Germany receives the worst corruption index score since 2014
Transparency International has just released its annual World Corruption Index, granting Germany the worst score in almost 10 years. But what has happened over the past decade in politics for Germany’s perceived corruption to rise?
Germany awarded 10th place in international corruption index
“In the past 10 years, Germany has not made progress with the fight against corruption," Margarete Bause, a representative of Transparency International, told Süddesutsche Zeitung when the NGO’s index was published on Tuesday.
The annual index assesses 180 countries, using surveys to measure perceived corruption in politics and administration. The higher the score, from one to 100, the less corrupt a country is deemed to be.
Denmark, Finland and New Zealand topped this year's ranking, with Denmark being awarded a squeaky-clean rating of 90 points, while both Finland and New Zealand received 87. Norway, Singapore and Sweden followed, where minimal political dirty laundry granted them respective 84, 83 and 83-point rankings.
In order of appearance, Switzerland, the Netherlands, Luxembourg and Germany completed the top 10 least corrupt countries according to Transparency International. Perceived corruption in Switzerland has seen quite a dramatic drop since 2020, and the same goes for Luxembourg. In the Netherlands and Germany, ratings have been more consistent over the past 10 years. Nevertheless, Germany’s 79 points returned the federal republic to 2014 levels of perceived corruption.

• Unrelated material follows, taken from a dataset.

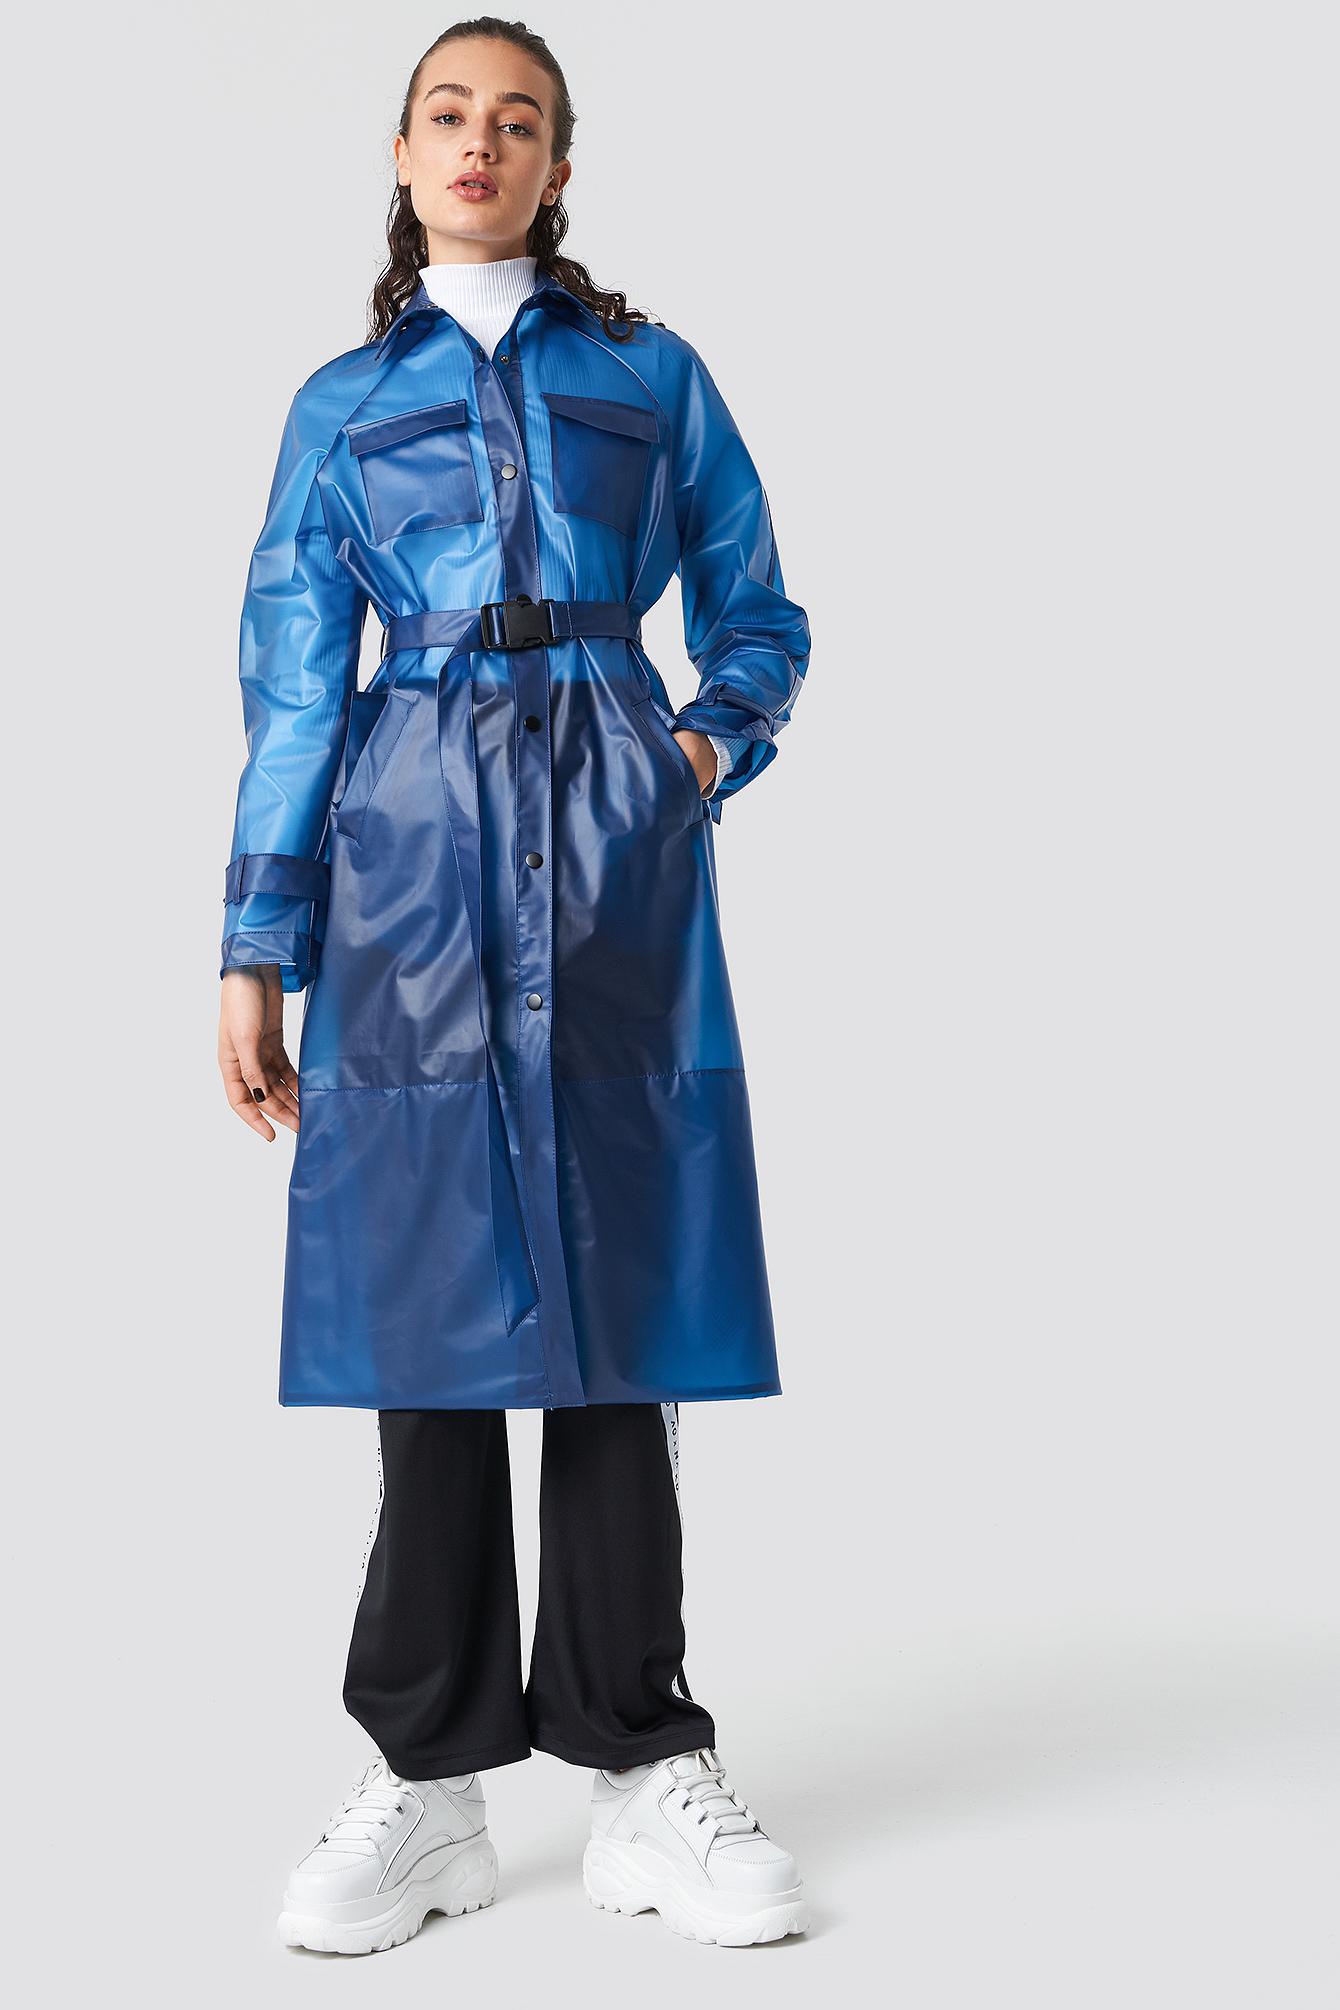 astrid olsen x na-kd -  Rain Coat - Blue

Somalia, Syria and South Sudan were ranked by Transparency International as the three countries where corruption is perceived to be most prevalent in politics and administration.

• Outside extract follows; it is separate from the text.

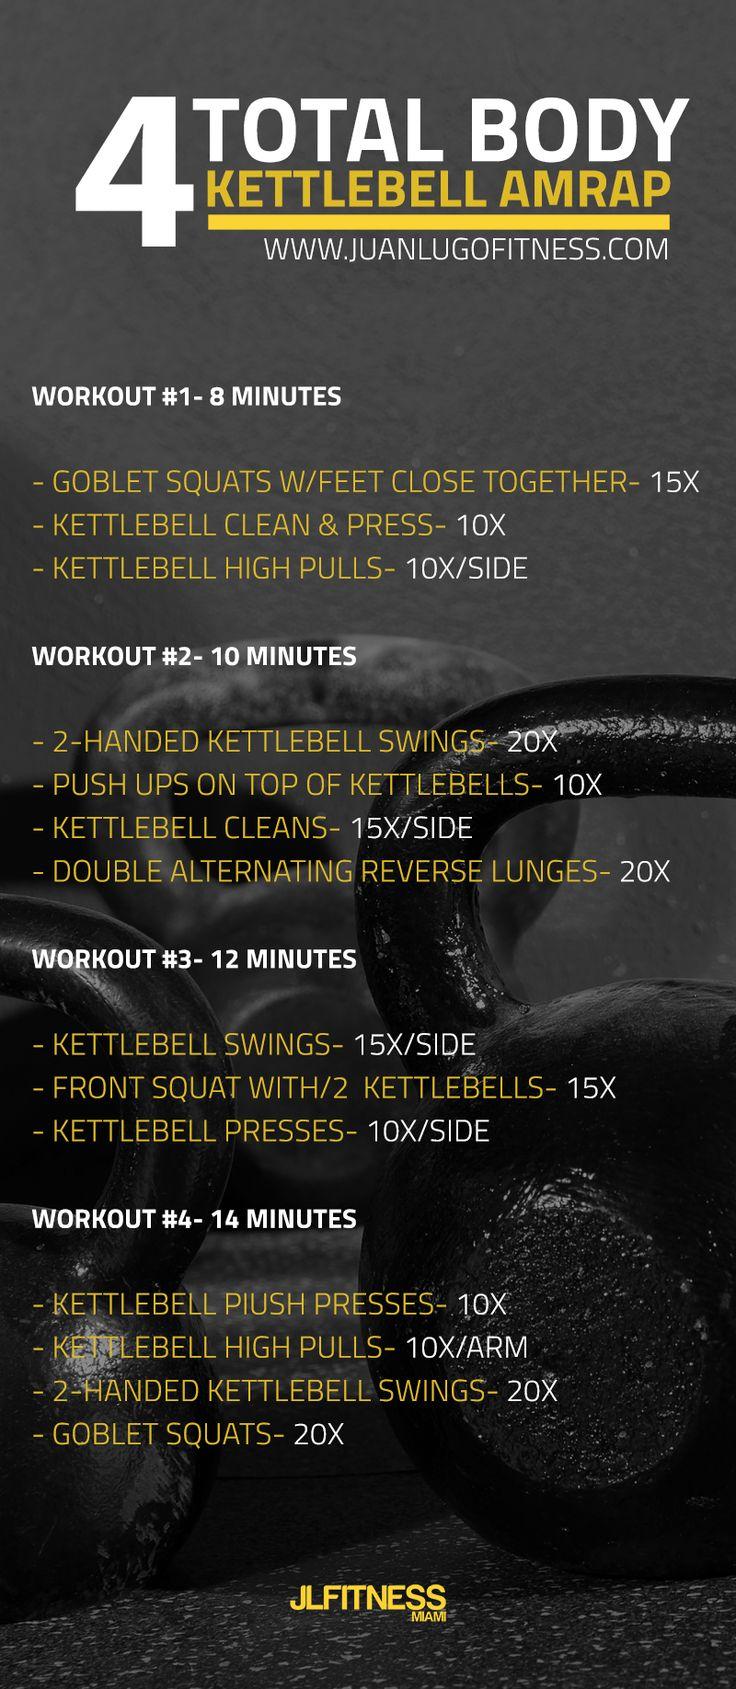 #kettlebell #workouts #wod #amrap #kettlebellworkouts

Why do people think Germany is corrupt?
So what has actually been going on in Germany for the survey respondents to perceive that the country’s politicians and administrative workers may be guilty of nefarious behaviour? “Scandals like the mask affair or CumEx have weakened trust in the integrity of politics and economics, “ Bause told Süddesutsche Zeitung.

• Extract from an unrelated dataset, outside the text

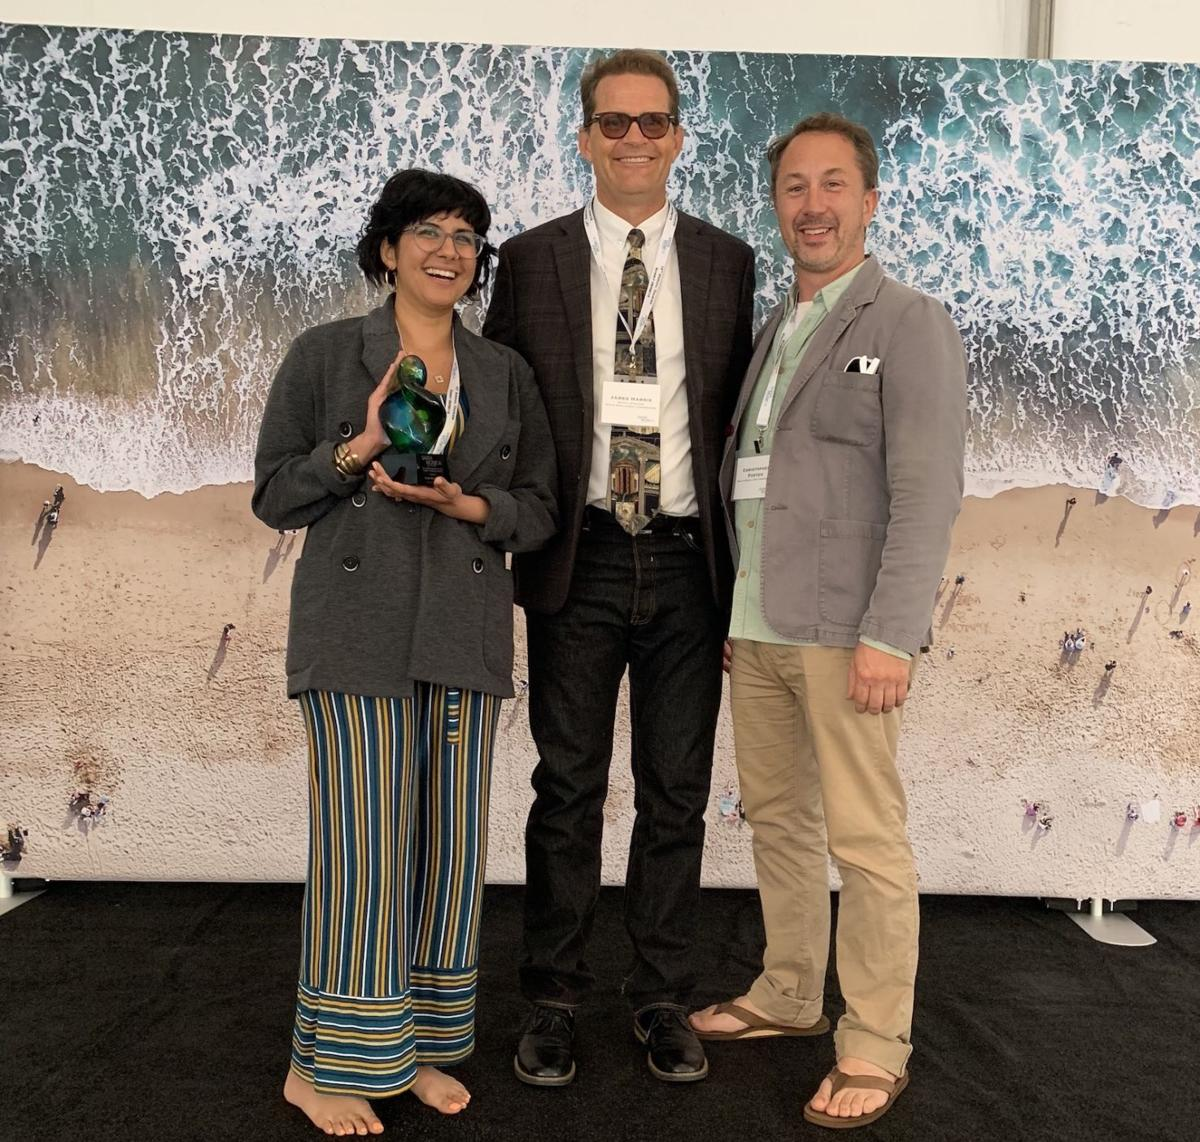 Chris Foster - Santa Monica Pier Award

Bause is referring to two scandals that have rocked German politics in recent years. During the wave of coronavirus in the winter of 2021, two CDU politicians were accused of accepting a 650.000-euro bribe from mask production companies in exchange for political lobbying. Both politicians resigned shortly after German police began investigations against them, but were found not guilty by a judge in Munich. Despite the verdict, Bause believes the so-called Maskenaffäre (mask affair) could have contributed to further doubts about shaky morals in German politics.
Equally implicating for German politicians and financiers is the CumEx scandal, an ongoing investigation by European media platforms into tax fraud across eight northern European countries. Germany’s investigative journalism organisation Correctiv suggests that banks, stock traders and lawyers fraudulently withdrew an estimated 36 billion euros from the German treasury. The money was then used in financial trades where multiple traders were reimbursed for tax money which was only paid once.
Russian actors in German corruption
On the international stage, Transparency International argues that Putin’s invasion of Ukraine can be used as a good example of the long-term impact of corruption in Germany. “Over years Russia built up a network of influence at federal and state level with the aid of massive financial resources,” Alexandra Herzog, another Transparency International representative, told Süddesutsche Zeitung.
“Examples include lucrative positions for former chancellor Gerhard Schröder, support for AFD politicians, and funding for the government-owned Climate and Environmental Protection Foundation and disinformation campaigns. This is exactly why Russia can succeed in influencing political decisions, for example in energy policy, and strengthen its geostrategic position,” Herzog concluded.